A really cheap job could see your coating show signs of chipping within a few days. At this point you just threw money down the drain and should have paid more to get a treatment that will last.

Your choice of color may also affect the cost of powder coating. With a simple black coating you may pay far less than for a unique color that requires more prep work. It’s all about the complexity of the process so the more that needs to be done the higher your price is going to be.

Qualified Technician

Powder coating is not that easy to do as it does have elements of artistic style but also requires skill and experience. It may seem simple in theory but qualified technicians do these all the time and have learned more about what can go wrong than we will ever know.

If you are looking for a great finish that lasts for a long time you will want to make sure you have the job performed by a qualified technician. Shop around to find a place that has great qualifications and excellent customer reviews.

Do not make your decision simply because you find the cheapest place, you will likely regret this when you need to have the rims retouched in a matter of weeks. Quality materials and experienced technicians are the key to a long lasting powder coat.

Can you Powder Coat Your Own Wheels?

Some people may consider trying to powder coat their own rims. Theoretically this would save you money on labor costs which is great. The only problem is you will likely need specialized tools to get this job done correctly.

Often you need to heat treat the powder coating which will require an oven. You can not and should not use your home oven for this. Even if the rims fit in there you will end up with residue from the powder coating in your oven and trust me this is not a great seasoning for your next meal.

You may have to buy a specialized oven as well as other supplies to get this job done which can cost in excess of $5000. Now if you plan to do a lot of powder coating this may be deemed an investment but over time you might find that this initial outlay was not at all worth it.

If however you already have access to the tools you need and feel confident you can do this then it is certainly worth trying.

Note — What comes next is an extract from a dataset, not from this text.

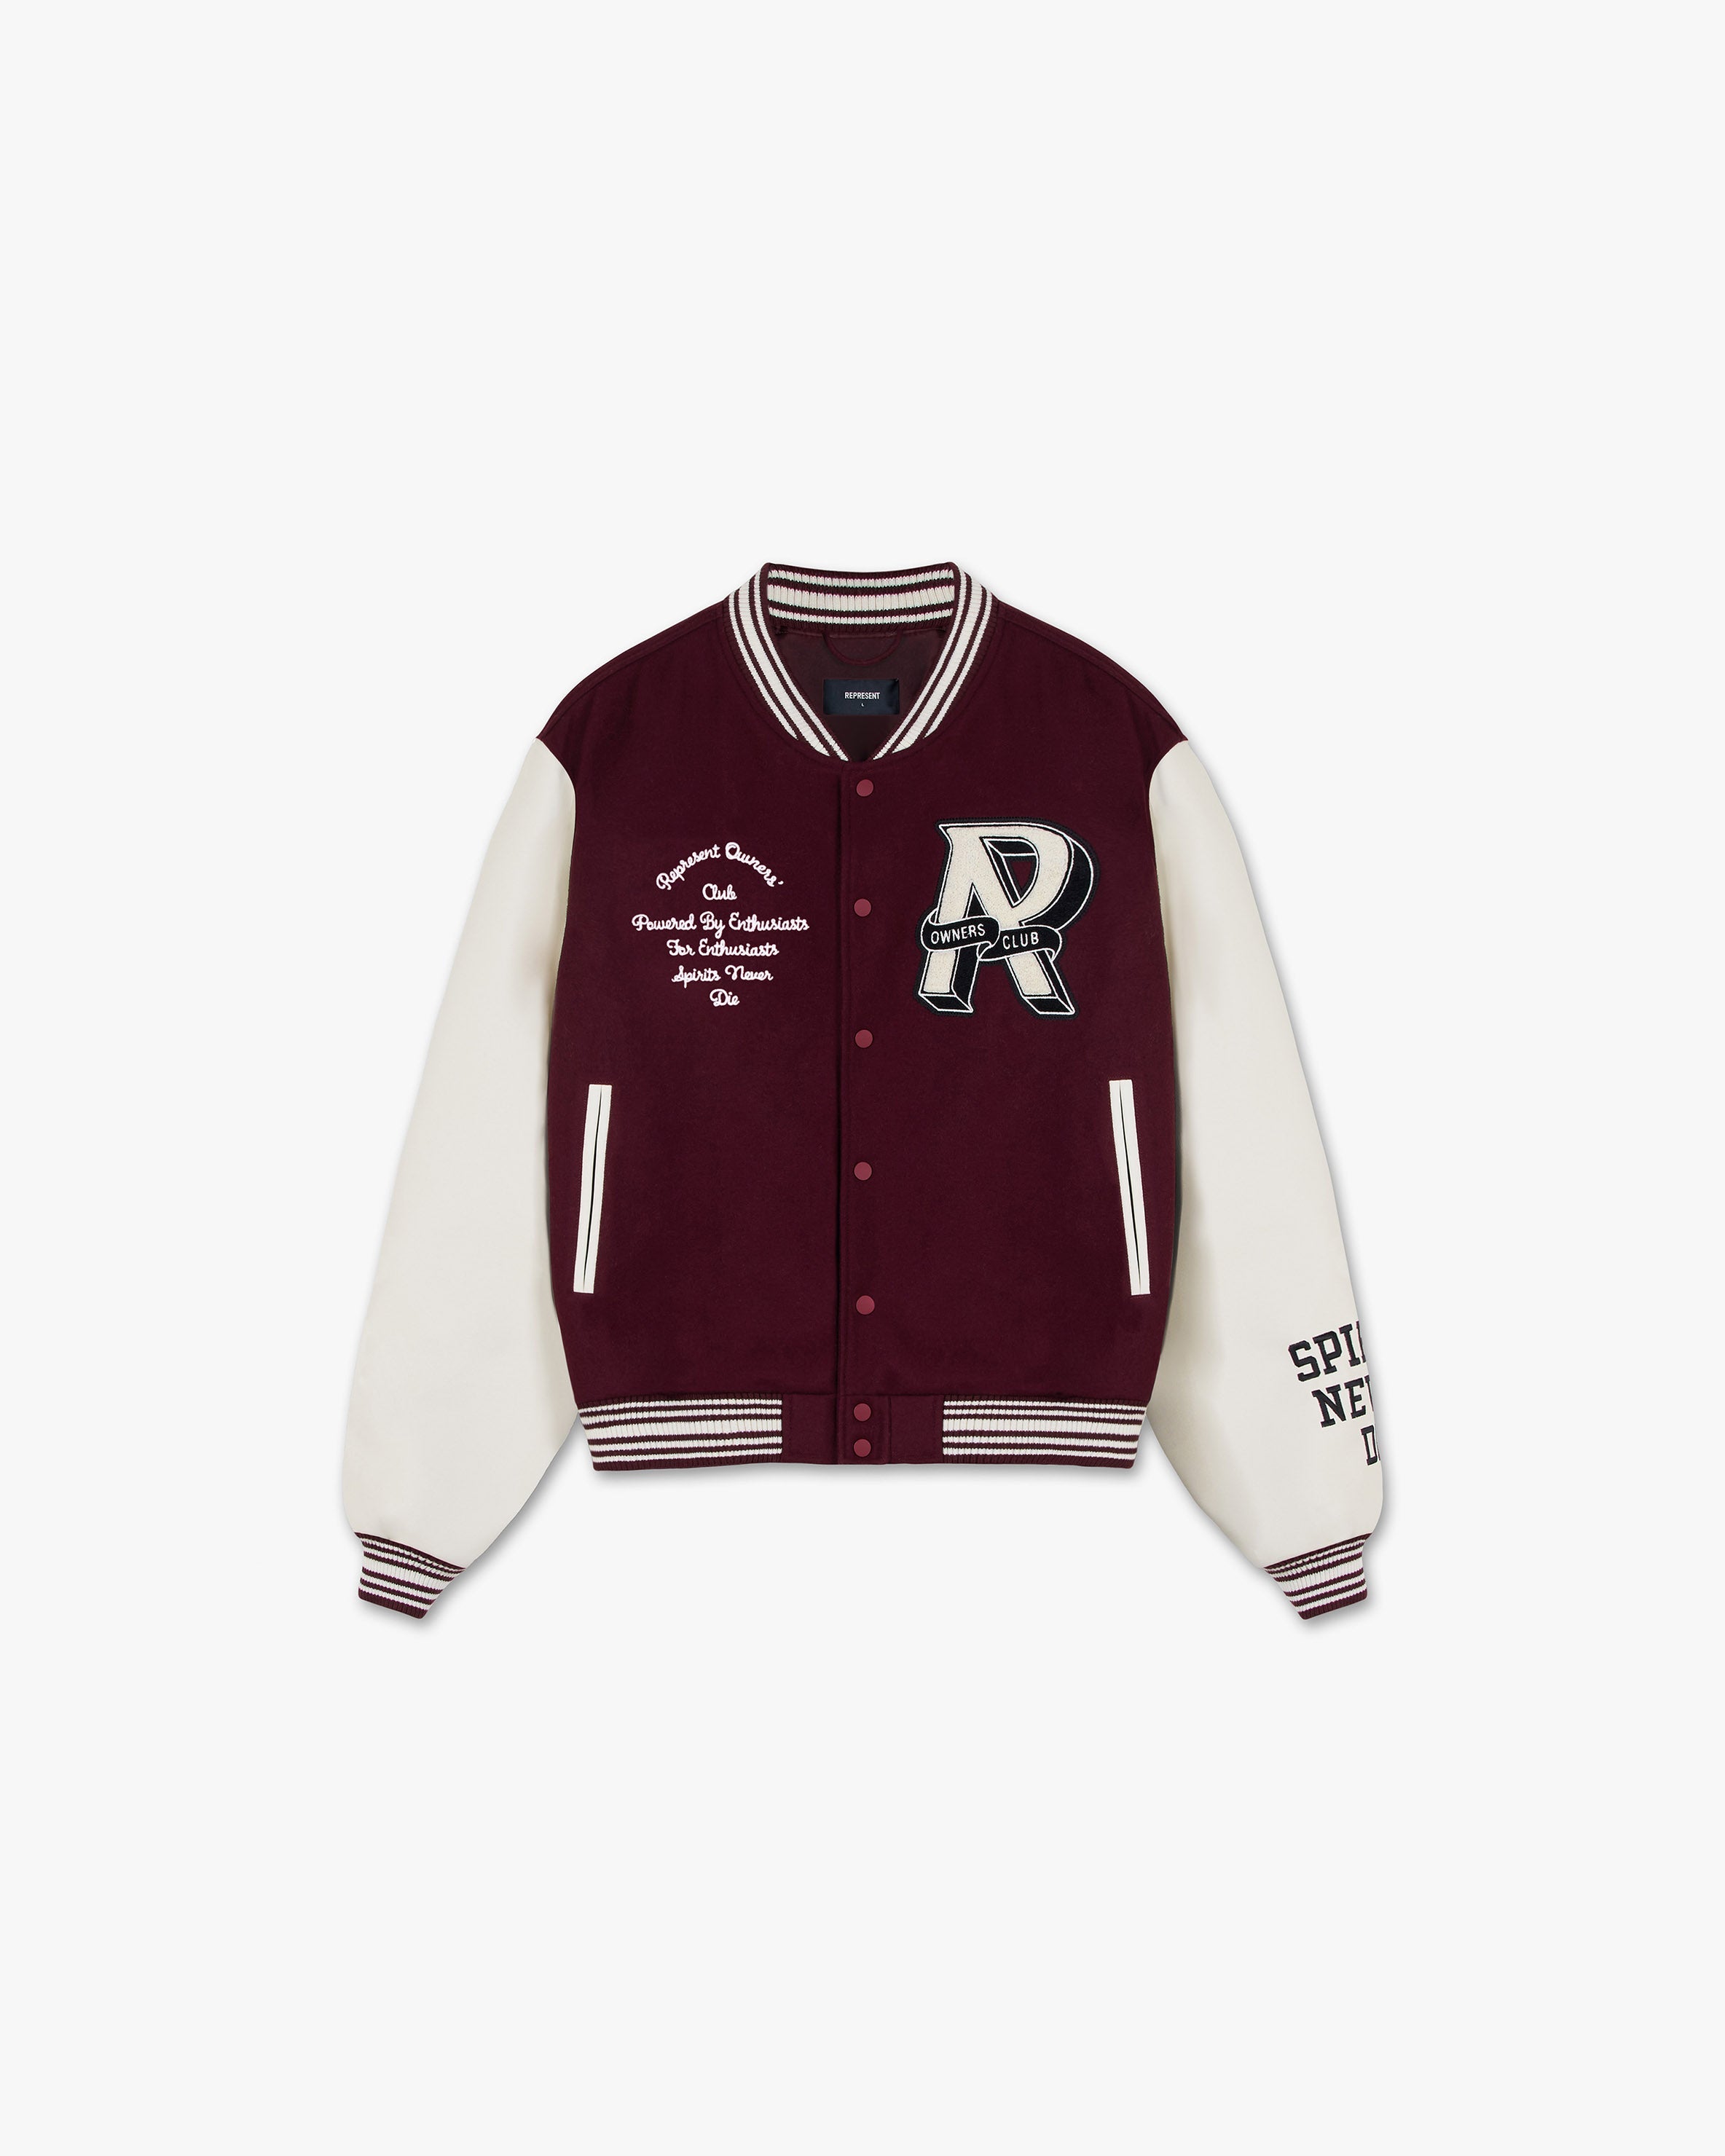 Represent Owners Club Varsity Jacket - Maroon | Represent Clo | Size - XL | Hand Made Italian Wool | Classic Style
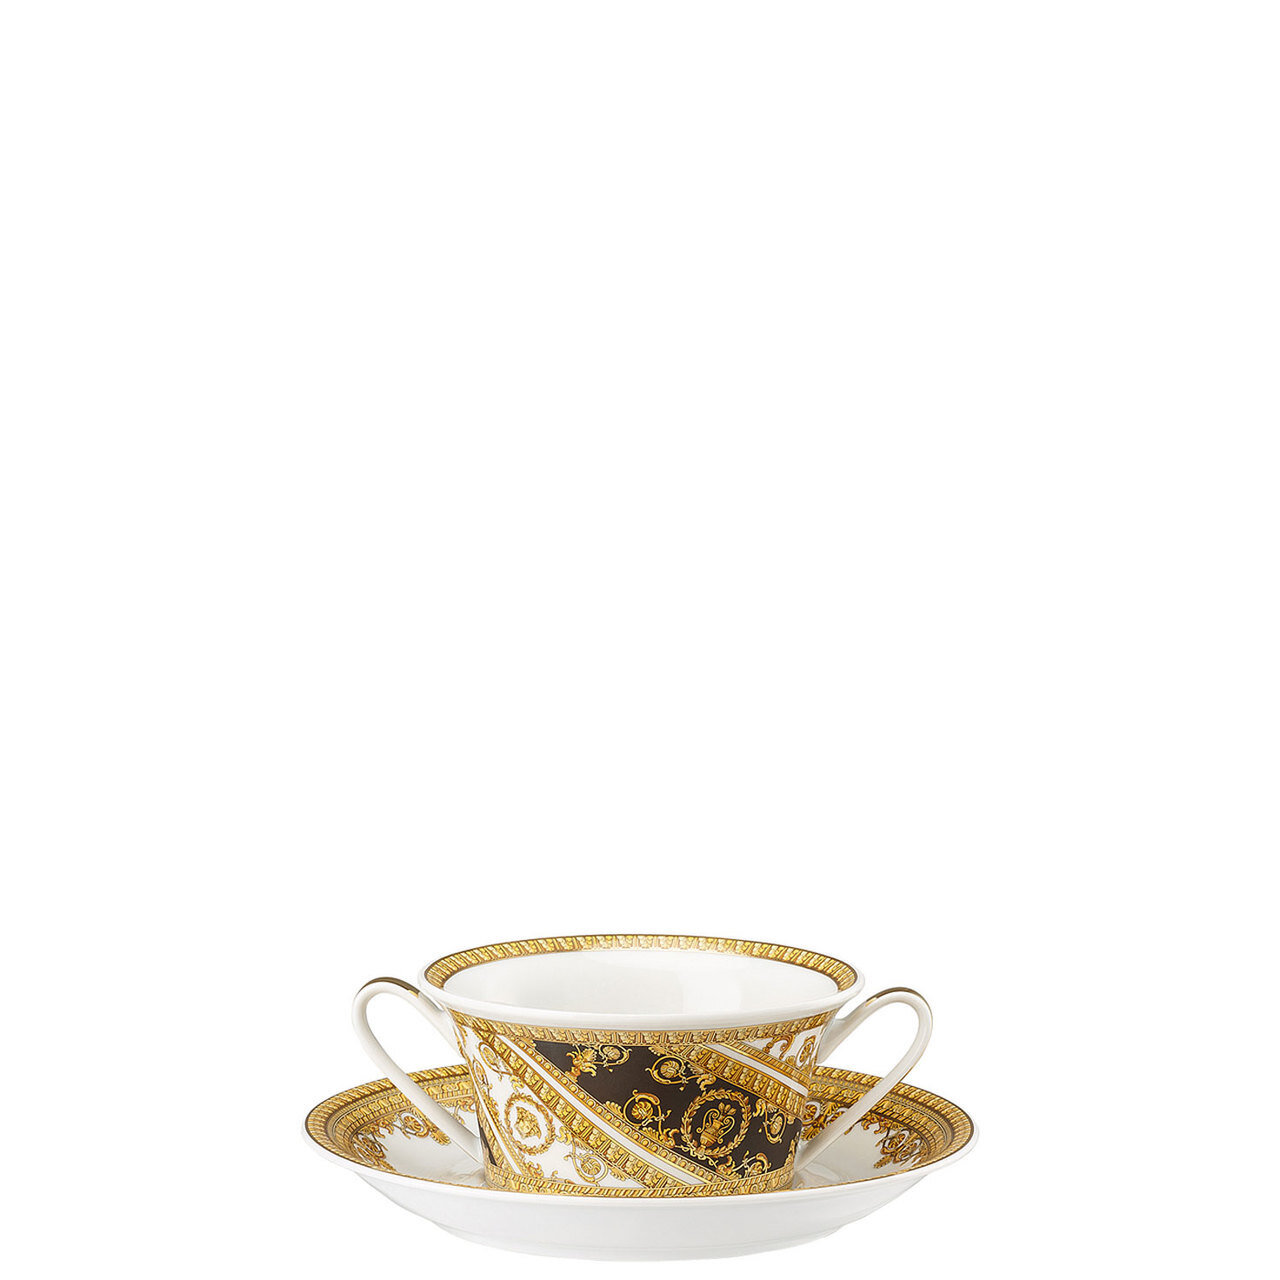 Versace I Love Baroque Cream Soup Cup and Saucer 6 3/4 Inch

Maintaining Powder Coated Rims

As powder coating your rims is expensive and because they will not last forever you will want to do whatever you can to avoid the need for a retouch too often. With a little extra time for TLC of the rims you will save yourself a little money.

Keep the Wheels Clean and Dry

I know, we can't avoid using our cars so our wheels are likely to get dirty and at times wet. This is unless of course you plan to powder coat and then set the car on a plinth inside just to be looked at. Regular cleaning of your wheel rims with gentle cleaning chemicals and drying will keep them looking good and avoid wear.

Use Sealant

You can add an extra layer of protective sealant to your rims in order to prevent chips to the powder coating and help repel brake dust and other grime. This extra surface will also make the rims easier to wipe clean as it creates a smoother coating.

Keep the Car in the Shade

Direct sunlight can cause a powder coating color to fade rapidly so if you can when parked for extended periods find some shade. A few minutes won't hurt so you need to become a freak about finding shade but if you are parking for a while in the same place consider where the sunlight might hit your wheel rims.


Powder coating can give your wheels a very cool finish and is something to be proud of. This process however is not cheap so you will need to pay for a quality outcome. If you plan to powder coat your own wheels just remember you will probably need expensive equipment and if you do a bad job it will start to look bad very quickly.